A PES16NT2 is used to provide the NTB function in order to connect a x86-based Endpoint Processor to a downstream port of a PES64H16 PCIe switch. The System Interconnect software provides a virtual Ethernet over PCIe interface. The Linux Operation System (OS) detects a network interface and “sees” an Ethernet interface. The Linux OS sends Ethernet packets to the PCIe interface as if it were an Ethernet interface. The PCIe interface is hidden from the LinuxOS as far as data transfer is concerned. All current networking protocol stacks, such as TCP/IP protocol stack, and user applications that are able to run on top of the TCIP/IP stack will work without any modification.
Figure 1 System Interconnect Topology
System data transfer performance for PCIe System Interconnect has been presented in this application note. The network performance benchmark software netperf is used to measure performance.
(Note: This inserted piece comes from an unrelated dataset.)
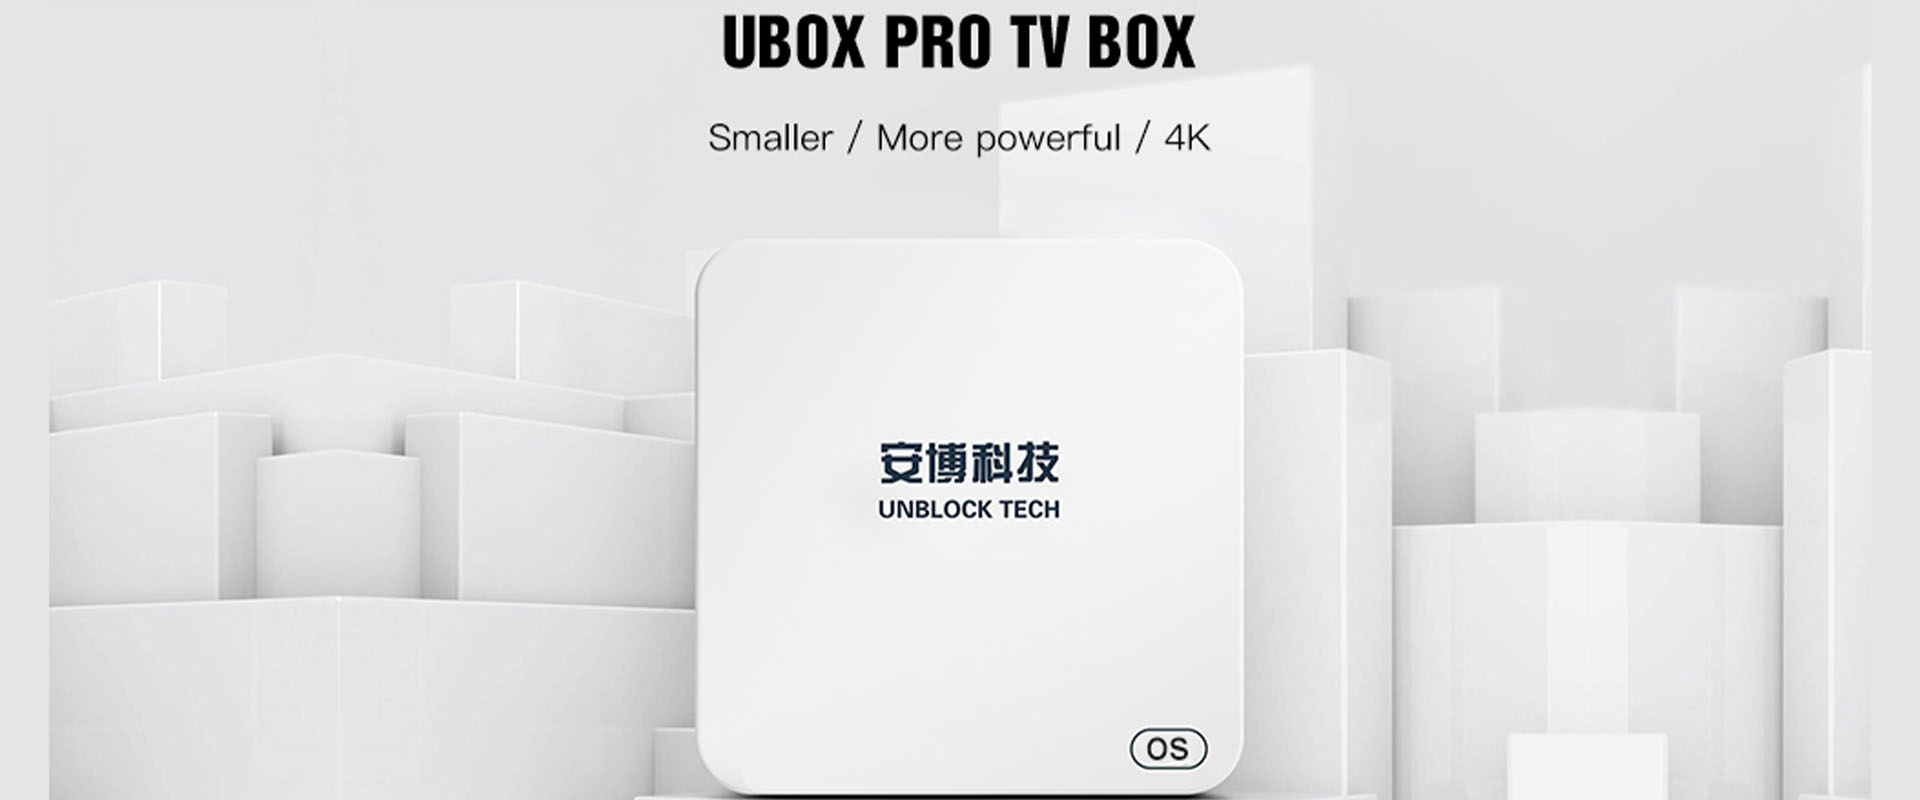 Ubox5 Pro TV Box - I-unblock ang Tech Pinakabagong Bersyon UBOX Gen 5 Pro Max

The performance is compared to the performance of a loopback test and 10 GE.
For the AMD system, the effective data transfer rate is between 3 and 3.5 Gbps for data sizes between 1K and 16K bytes. The data rate is about 2.5 Gbps for a data size of 512 bytes.
For the Bensley system, the effectively data transfer rate is about 5 Gbps for data sizes of 16K to 2K bytes. The effective data transfer rate is about 4 Gbps and 3 Gbps for data sizes of 1K and 512 bytes respectively. Data transfer rates are similar to the 10GE interface. The performance for Bensley is much better than AMD because Bensley supports a DMA engine to transfer data. The DMA engine can transfer data more efficiently and frees up CPU cycles from copying data to do more data transfer processing.
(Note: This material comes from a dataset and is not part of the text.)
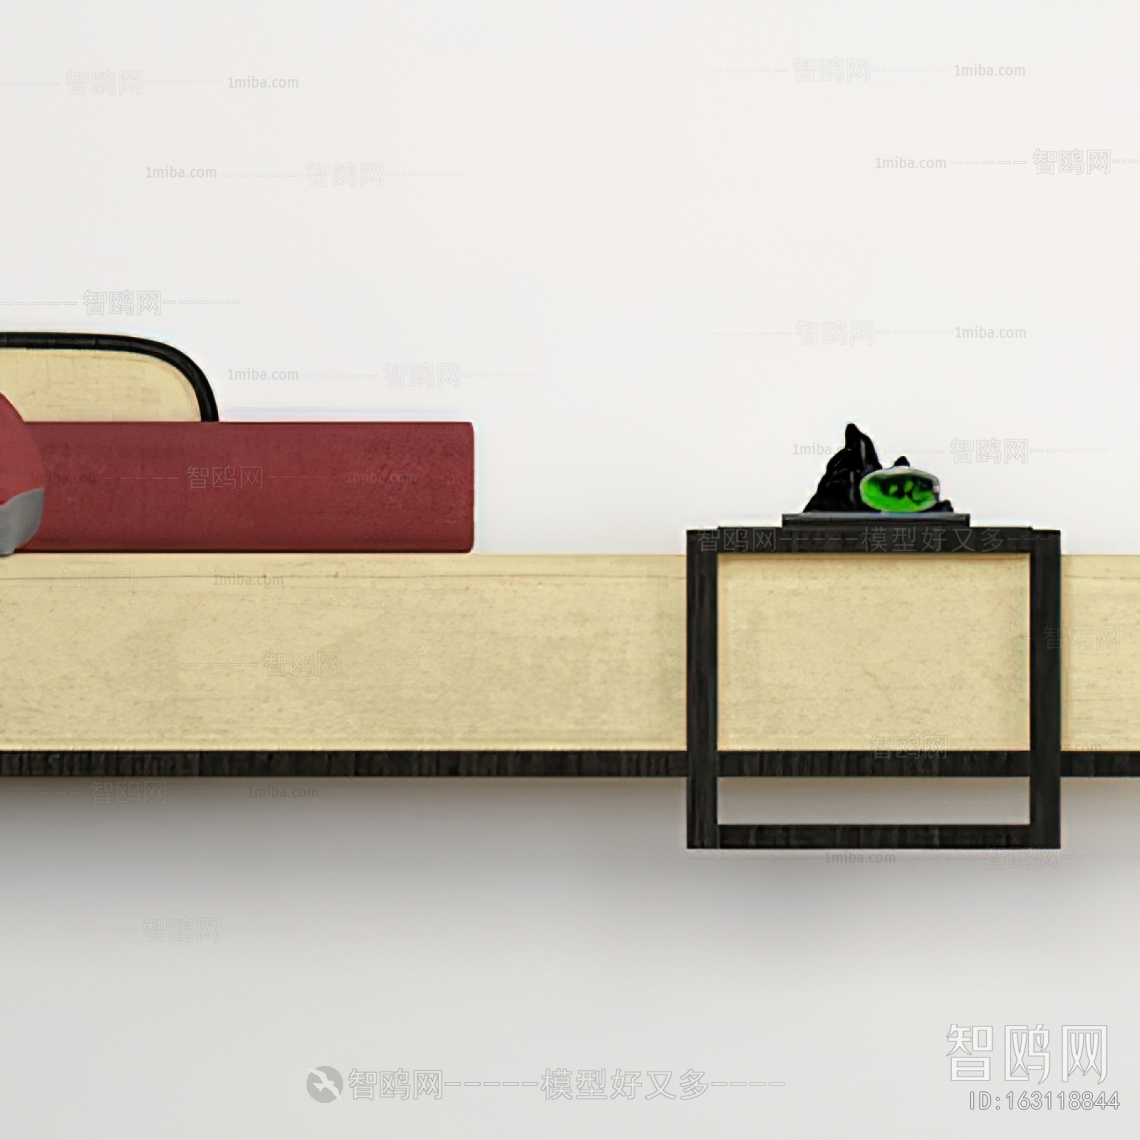 新中式布艺床尾凳

Gigabit EF Dual Port Server Adapter
It is expected that for large amounts of data transfer, the data size is likely to be large, such as 4K to 8K bytes. In practice, it is expected that the effective data transfer rate for PCIe System Interconnect is about 5 Gbps for Bensley and 3.5 Gbps for AMD.
In general, protocol encapsulation overhead reduces the effective bandwidth. However, it has been shown that the reduction in bandwidth is approximately 1-2% for large data sizes. The increase in band-width by reducing protocol encapsulation overhead is negligible. However, removing the TCP/IP protocol stack in the data transfer results in a significant reduction of CPU cycles and frees the CPU to do more data transfer processing.